Tuesday, 18 March 2014

Patristic peculiarities: John Chrysostom and the poison eucharist

This is the start of a new occasional series on some of the more peculiar arguments I've come across in early Christian literature. These are the quirky bits that somehow never made it into the textbooks. 

John Chrysostom, the great fourth-century preacher, described Christ's descent into hell as a kind of poison eucharist. When Christ died, his body descended into the ground. Death ingested his body like food. But this was no ordinary food. It was a fatal poison. It brought on violent stomach cramps, worse (Chrysostom assures us) than the agony of a woman in labour. Death could not digest Christ's body. Death writhed in pain, then vomited: "Like those who take food and vomit it up because they can't retain it, so death vomited. He received the body which he could not digest, and so he had to throw it up again" (all this is from homily 24 on 1 Cor).

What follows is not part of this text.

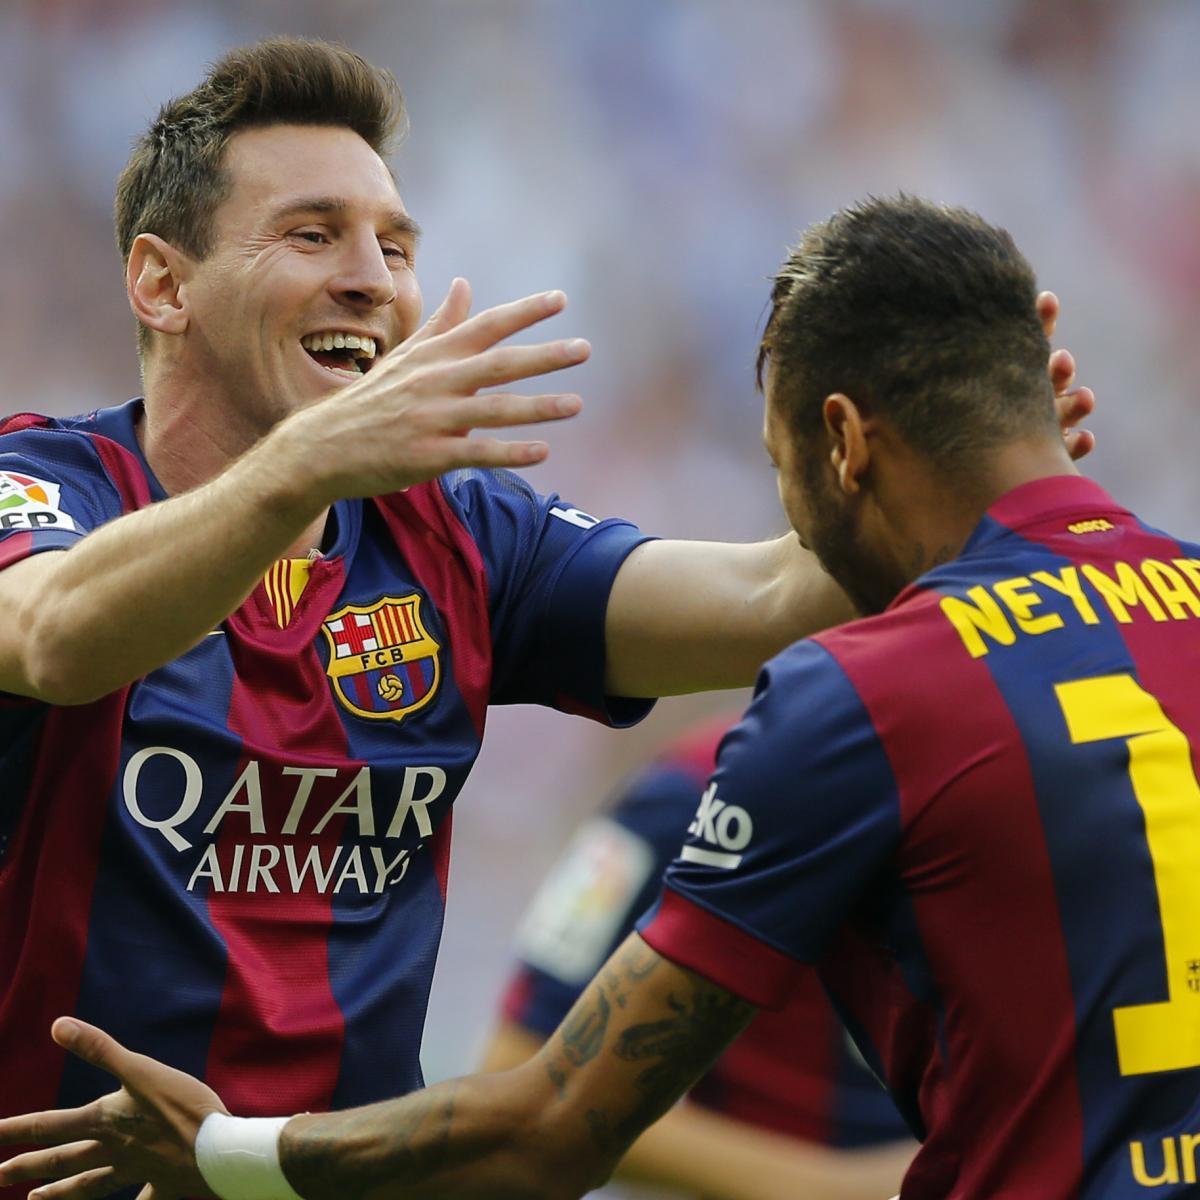 Barcelona Vs. Celta Vigo: Date, Time, Live Stream, TV Info

But after developing this vomiting image in graphic detail, Chrysostom changes his mind. No, he observes, Christ didn't come back out of the mouth of death. He didn't come out the same way he went in. Death didn't merely vomit; it suffered a massive abdominal rupture. After death had ingested Christ's body – I warn you, this is pretty grisly – it suffered violent convulsions, and then its stomach burst open. Everything came out. Chrysostom is thinking here of the story in Bel and the Dragon, where Daniel killed the dragon by feeding it a concoction of pitch and fat and hair; upon eating this vicious recipe, the dragon's stomach burst open and it died. "For Christ didn't come forth again from the mouth of death, but issued forth from the belly of the dragon, bursting it and ripping it open from within."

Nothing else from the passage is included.